Several risk factors have been found for PRCA after HSCT, mainly including ABO blood group incompatibility (especially in blood group A donor to blood group O recipient, with IH titer higher than 1:16) and sibling donor (4, 11, 16, 17). In our study, all the patients were blood group O, with IH titers above 1:16, while the blood group of donors were 1 case of A and 2 cases of B. And all the 3 cases received sibling HSCT. In terms of risk factors for PRCA occurrence, our study is consistent with previous reports.

Regarding the treatment of PRCA after HSCT, with supportive RBC transfusion, there is a high probability of spontaneous remission after 1∼2 months or so. But beyond 2 months, other treatments would be required (3, 9, 18, 19). Immunosuppressive therapy, such as CsA is currently the first-line choice, with an effective rate of 65%-87% (19–22). For patients unresponsive to CsA, other regimens such as tacrolimus, rituximab, plasma exchange, and DLI have been reported, but the efficacy was controversial among centers (10, 12). In our study, all three cases were treated with immunosuppressive therapy and RBC transfusion after the diagnosis of PRCA, but the result was not significantly effective, patients are still dependent on RBC transfusion. So we tried new treatments of cell therapy.

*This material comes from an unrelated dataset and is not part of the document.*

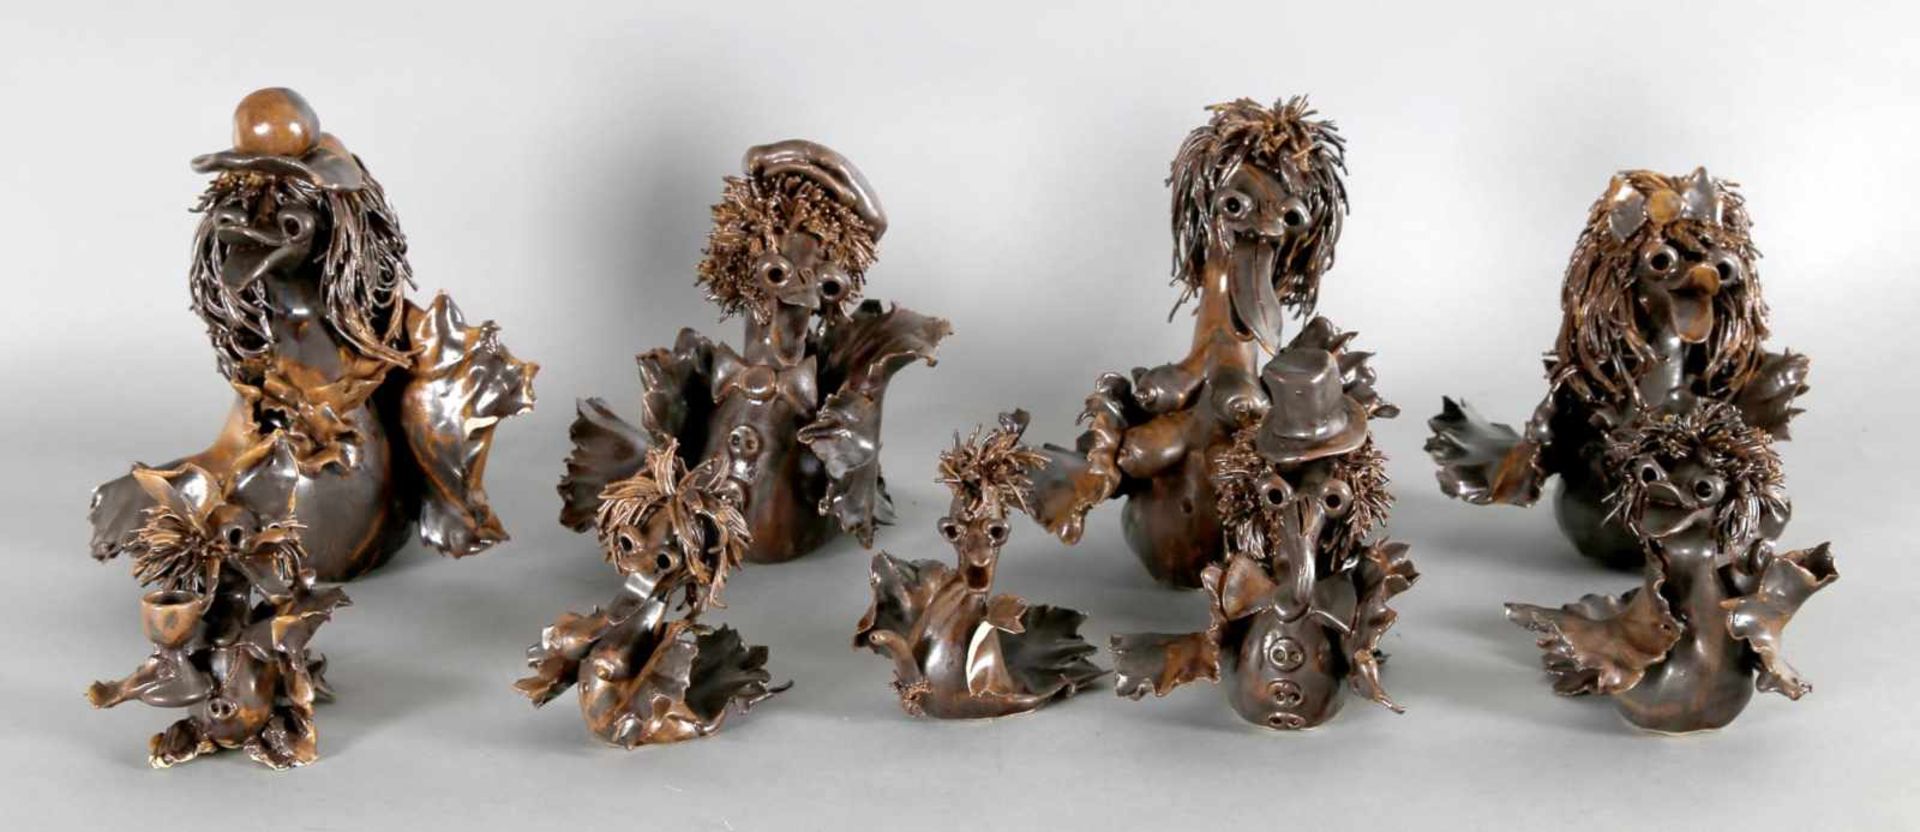 Ingrid Zinkgraf, Pfälzer Elwetridsche (Vögel), Keramik9 Skulpturen, vogelartig mit Merkmalen von
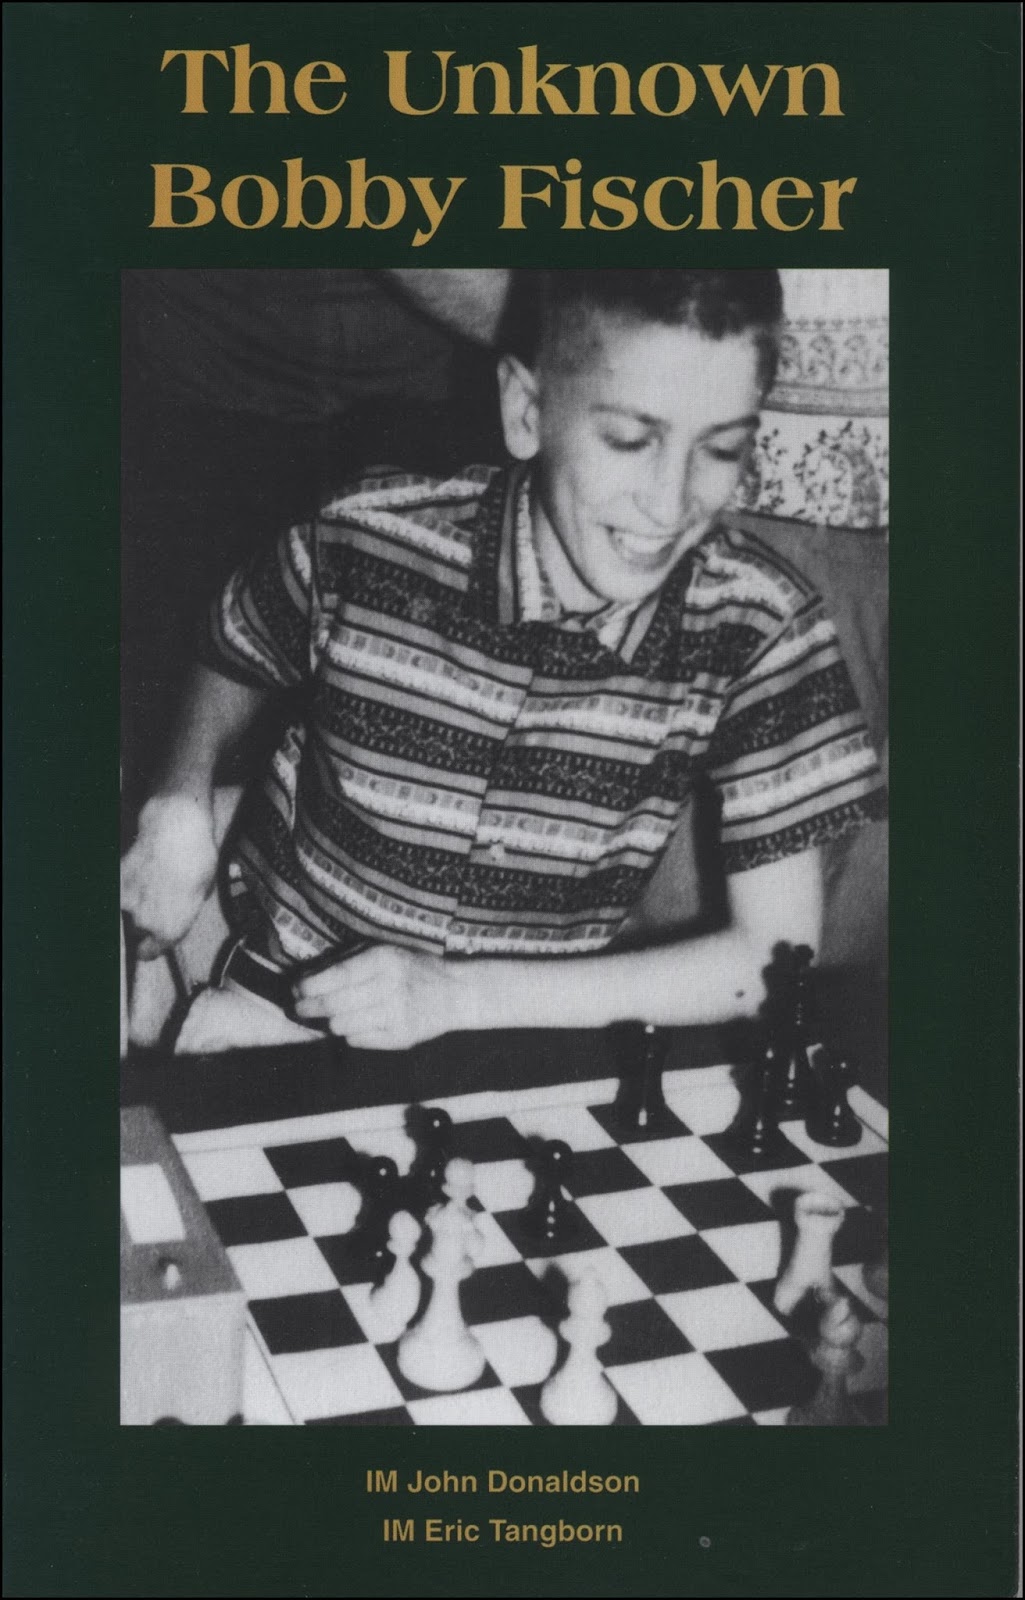 Bobby Fischer Teaches Chess

To our knowledge, several studies of using UCB and MSCs to treat acquired PRCA have been reported, however, cases used in PRCA after HSCT are rare (13, 15, 23–25). Two cases were reported using MSCs derived from umbilical cord and adipose to treat PRCA after ABO-mismatched allo-HSCT, and patients reached rapid recovery without any side effects (24, 25). One study used UCB to treat 4 patients with PRCA after allo-HSCT, but the efficacy was not ideal, which might because immunosuppressive agents were not allowed from 2 weeks before to 2 months after UCB infusion (23). In our study, with conventional therapy ineffective, we explored three regimens of UCB and MSCs in combination with immunosuppressive agents and RBC transfusion to treat PRCA after HSCT, all patients achieved significant progress and RBC transfusion independence. This suggests that the combination of cell infusion can effectively improve the therapeutic effect of PRCA after HSCT when conventional treatment is ineffective.

RBC transfusion independence is a key indicator of red blood cell engraftment (8, 10), therefore, we discussed the mechanism of HSCT combined with cell therapy based on this indicator in our study and previous literatures. As shown in Table 1, the time of RBC transfusion independence was 2 weeks (Case 2, 3 doses of UCB-MNC), 2 months (Case 1, UCB combined with MSC), and 3 months (Case 3, UCB), respectively. That might related to cell source and dose, which are vital to the efficacy of cell therapy (26). In Case 1, HSCT combined with UCB and MSCs might play a synergistic role in hematopoietic supporting and immune regulation, which displayed a better effect than in Case 3. There are hematopoietic stem cells (HSC), MSCs, other progenitor cells, and immune cells in UCB, which could perform hematopoiesis support and immune regulation function (27, 28). A recent study showed that after UCB infusion in AML patients, immune functions were enhanced by promoting cell proliferation and cytokine secretion of CD8+T cells and natural killer cells and mitigating the immunosuppressive effects of CD14+ monocytes (29). MSCs play a remarkable immunomodulation role by releasing cytokines, growth factors, chemokines, and exosomes through paracrine actions, such as vascular endothelial growth factor (VEGF), and hepatocyte growth factor (HGF) (30, 31). MSCs could regulate the immune function by modulating the activation, expansion, and differentiation of natural killer cells, dendritic cells, B lymphocytes, macrophages, and T lymphocytes (32–34). Multiple doses of UCB-MNC infusion have been proven to enhance the effect of stem cells and improve disease outcomes (35–40). In our report, 3 doses of UCB-MNC were more effective than one unit of UCB, which conformed to previous studies.

Table 1

Table 1. the information of patient, stem cells and key outcomes of 3 patients.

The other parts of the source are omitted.